This is my first post here. I used to shoot Velvia on 135, but now primarily medium format Leaf digital back. Exploring the idea of 4x5, due view and different way of working please help me with following advises:

My purpose is to use 4x5 for flat stitch panoramas, thus using the full 5 inch width of 4x5. For such purpose, what are affordable yet very sharp analog lenses?

Of following I should perhaps choose 2; 58mm, 65mm, 75mm, 90mm. Any advises much sincerely appreciated!

I am looking at using on an Ebony SW45 or Shen-Hao TFC45-IIB, and posted question of these in another thread.

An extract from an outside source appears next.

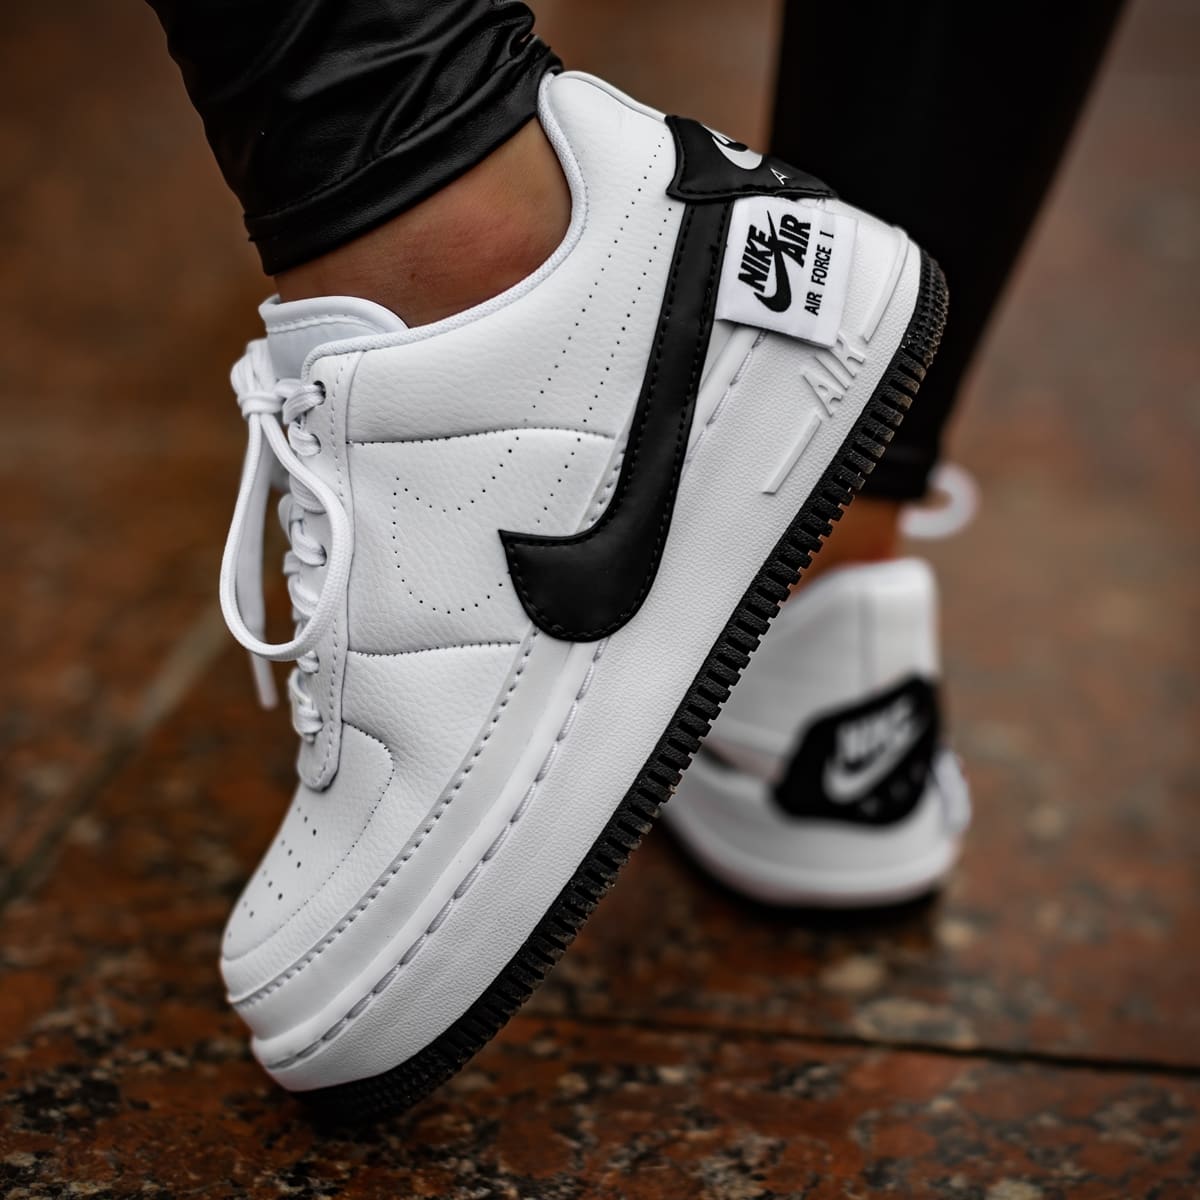 The Nike Air Force 1 is one of the most recognizable and enduring sneaker silhouettes in the world

Yes, dont worry... of course I would be keen to use Velvia in it also... it is just different medias, but film a little difficult because I live overseas and on much travels, current Hong Kong. Yet the look of Velvia remains magic to me :)

Much thanks!

Regards
Anders

Kirk Gittings
4-Aug-2008, 07:16
Anders, Welcome. I am familiar with you from Luminous Landscape. As a starting point, you might want to define what affordable means to you.

Anders_HK
4-Aug-2008, 07:28
Anders, Welcome. I am familiar with you from Luminous Landscape. As a starting point, you might want to define what affordable means to you.

Kirk,

Much thanks, that is difficult to define. If it is too cheap it will be waste of money, so decent balance. I see the new traditional lenses still fetch decent on Ebay, any lesser priced alternatives, or which ones of those to go with? In the end I wish good detailed images, lets remember using medium format sensor on a larger format than the sensor itself, so digitar lenses are out(also because I not need such resolution).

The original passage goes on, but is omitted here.